BRIEF DESCRIPTION OF DRAWINGS

[0016] FIG. 1 is a block diagram of one embodiment of a microprocessor.

[0017] FIG. 2 is a block diagram of one embodiment of a linearly tagged cache system. [0018] FIG. 3 is a logical diagram of one embodiment of a linearly tagged cache system.

[0019] FIG. 4 is a diagram illustrating one embodiment of a linear address and an exemplary partial linear tag.

[0020] While the invention is susceptible to various modifications and alternative forms, specific embodiments thereof are shown by way of example in the drawings and will herein be described in detail. It should be understood, however, that the drawings and detailed description thereto are not intended to limit the invention to the particular form disclosed, but on the contrary, the intention is to cover all modifications, equivalents and alternatives falling within the spirit and scope of the present invention as defined by the appended claims.
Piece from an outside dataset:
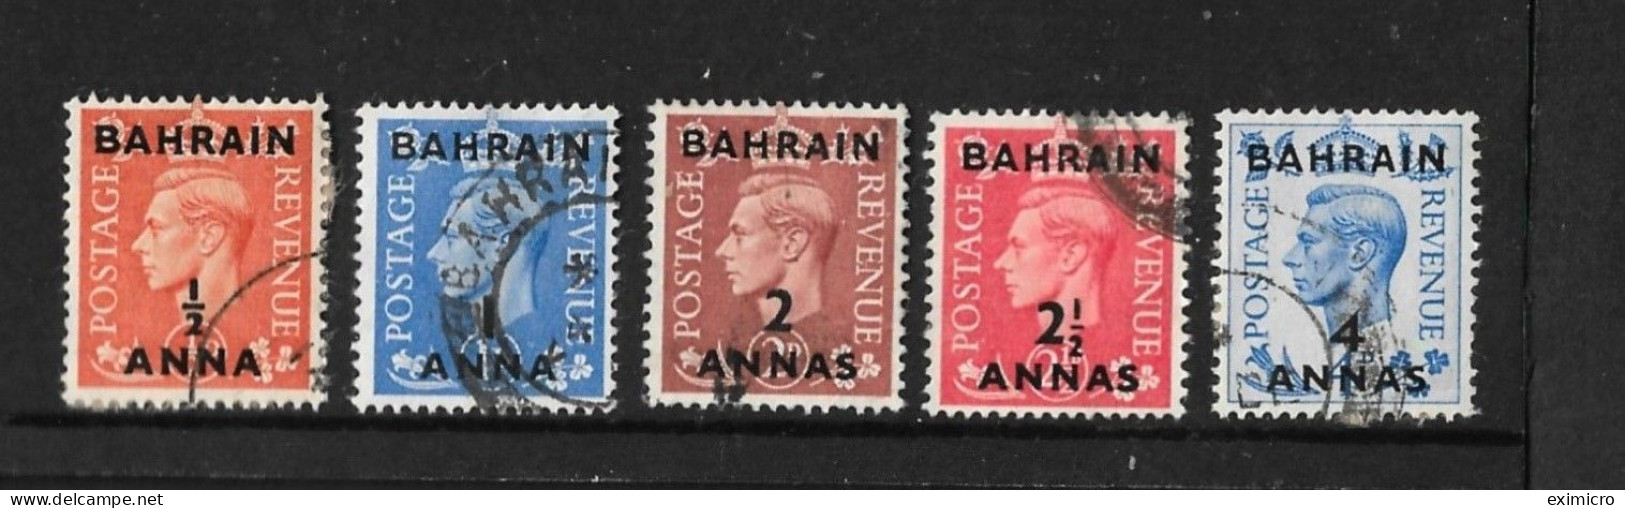 BAHRAIN 1950 - 1955 VALUES TO 4a On 4d SG 71,72,74,75,76 FINE USED Cat £30 - Bahreïn (...-1965)

MODE(S) FOR CARRYING OUT THE INVENTION [0021] Turning now to FIG. 1, a block diagram of one embodiment of an exemplary microprocessor 100 is shown. Microprocessor 100 is configured to execute instructions stored in a system memory (not shown). Many of these instructions operate on data stored in the system memory. It is noted that the system memory may be physically distributed throughout a computer system and may be accessed by one or more microprocessors such as microprocessor 100, for example. In one embodiment, microprocessor 100 is an example of a microprocessor which implements the x86 architecture such as an Athlon™ processor, for example. However, other embodiments are contemplated which include other types of microprocessors.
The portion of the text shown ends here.